II. День
Я стоял в темном дворе и сквозь красную арку ворот видел на противоположной стороне узкой и грязной улицы старьевщика-еврея, прислонившегося к лавчонке, увешанной старым железным хламом, сломанными инструментами, ржавыми стременами и коньками, равно как и множеством других отслуживших вещей.
Эта картина заключала в себе мучительное однообразие ежедневных впечатлений, врывающихся, как уличные торговцы, через порог нашего восприятия, и не возбуждала во мне ни любопытства, ни удивления.
Я сознавал, что в этой обстановке я уже давно дома.
Но и это сознание не возбудило во мне глубоких чувств, хотя шло вразрез с тем, что я так недавно пережил, и с тем, каким образом я дошел до настоящего состояния.
Я, должно быть, когда-то слыхал или читал странное сравнение камня с кусочком сала. Оно пришло мне на ум в то время, как я поднимался к себе в комнату по истоптанным ступенькам и мельком подумал о засаленном и каменном пороге.
Тут я услышал впереди себя чьи-то шаги, и когда я подошел к своей двери, увидел, что это была четырнадцатилетняя рыжая Розина, дочь старьевщика Аарона Вассертрума.
Я должен был вплотную протесниться около нее; она стояла спиной к перилам, похотливо откинувшись назад.
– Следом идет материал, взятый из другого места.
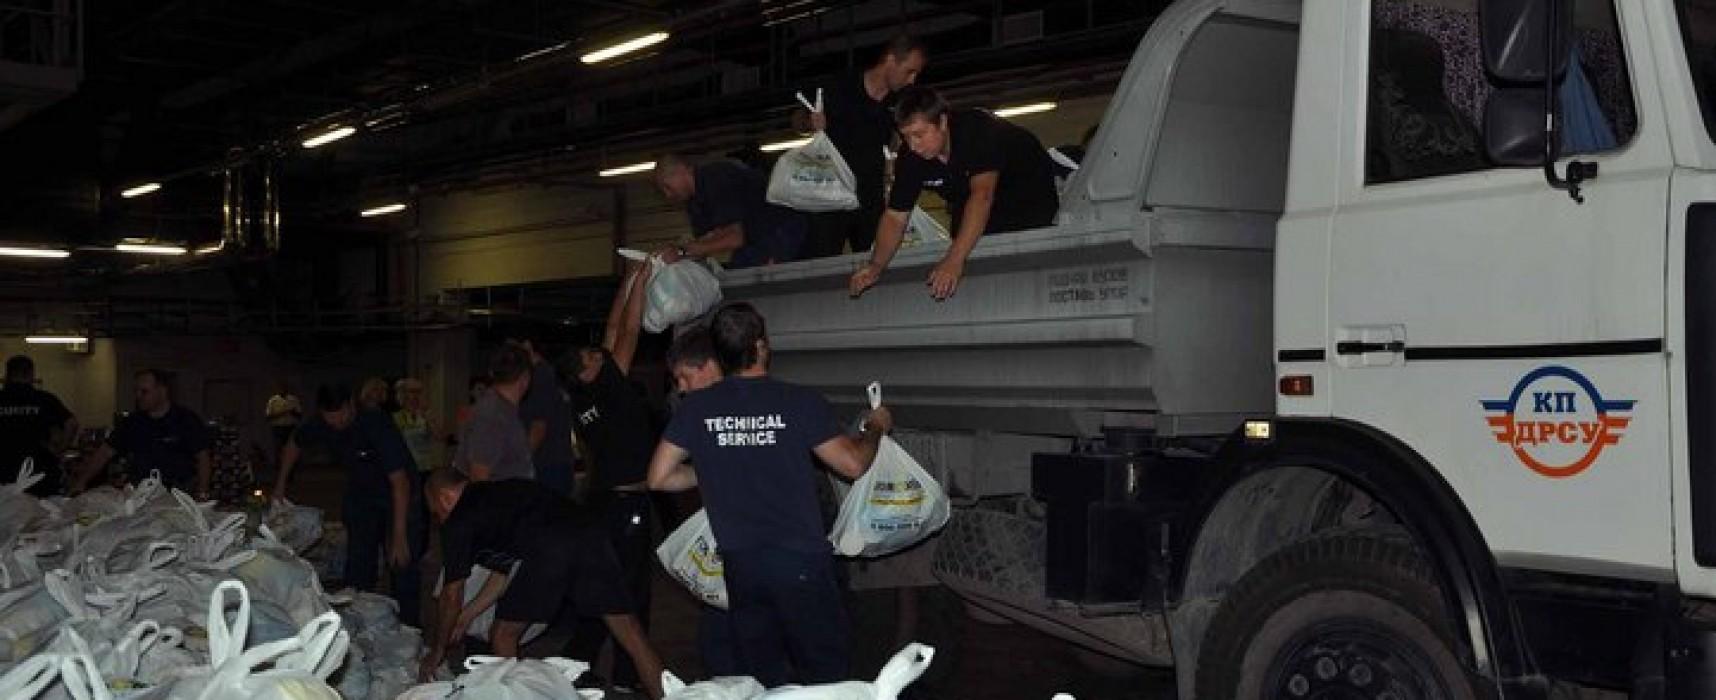 NTV's fake about Humanitarian aid on Donbas Arena Stadium

Она положила свои грязные руки на железные перила, чтоб держаться, и в тусклом полумраке я заметил ее светящиеся обнаженные руки.
Я уклонился от ее взгляда.
Мне противна была ее навязчивая улыбка и это восковое лицо карусельной лошадки.
У нее, должно быть, рыхлое белое тело, как у тритона, которого я недавно видел в клетке с ящерицами у одного продавца птиц, – так почувствовал я.
Ресницы рыжих противны мне, как кроличьи.
Я взбежал и быстро захлопнул за собою дверь.
Из своего окна я мог наблюдать старьевщика Аарона Вассертрума у его лотка.
Он стоял, прислонившись к выступу темной арки и стриг себе ногти.
Дочь или племянница ему рыжая Розина? У него никакого сходства с ней.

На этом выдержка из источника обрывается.